Bourne & Hollingsworth
Bourne & Hollingsworth

Bourne & Hollingsworth, known also in its latter days as Bournes was a large department store on the corner of Oxford Street and Berners Street. It was named after its founders, Walter William Bourne and Howard E Hollingsworth, brothers in law, who started the store in Westbourne Grove as a drapery store in 1894. The store then moved to the Oxford Street site (pictured) in 1902 (built in 1894) due to competition with Whiteleys, and by 1928 the store had been remodelled (by Slater & Moberley) in the Art Deco style. Bourne & Hollingsworth became renowned for selling the best quality goods and for looking after their staff, providing accommodation at Warwickshire House on Gower Street for up to 600 female workers. Like much of Oxford Street, the store suffered bomb damage in 1940, however today much of the art deco facade still survives.
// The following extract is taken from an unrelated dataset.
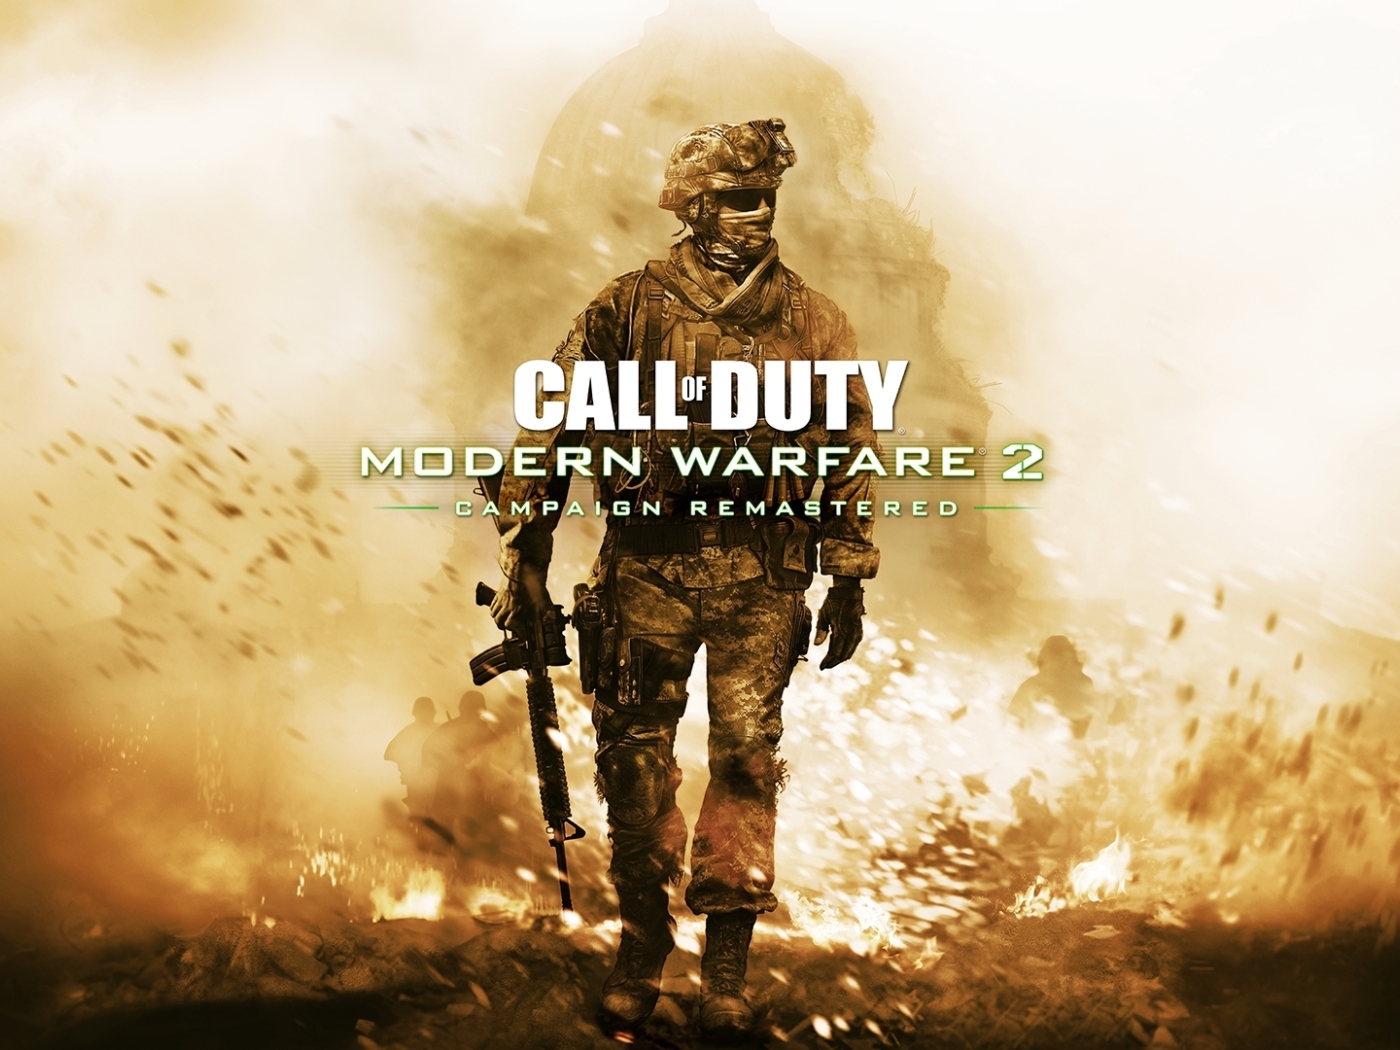 1400x1050 Call of Duty Modern Warfare 2 Campaign Remastered 1400x1050 ...

The 1954 comedy-drama film The Crowded Day, directed by John Guillermin, was partially shot inside Bourne & Hollingsworth to provide an authentic setting of a department store, which could not easily be achieved in a studio. The store's exterior was also used for some outside location shots, including the background of the film's opening title credit.The business expanded opening a further store in Southampton in 1959, which later adopted the name Bournes after it was sold in 1979.The store finally closed its doors in 1983. The building was known as The Plaza Oxford Street (opened 1986 closed 2016), but was at one time the planned site for Richard Branson's Virgin Megastore.In September 2018 the building reopened as the new flagship store of fashion and homewares retailer Next. The name survives with Bourne & Hollingsworth Group as a basement bar in nearby Rathbone Place, named after the department store as the mother of the bar's owner worked there.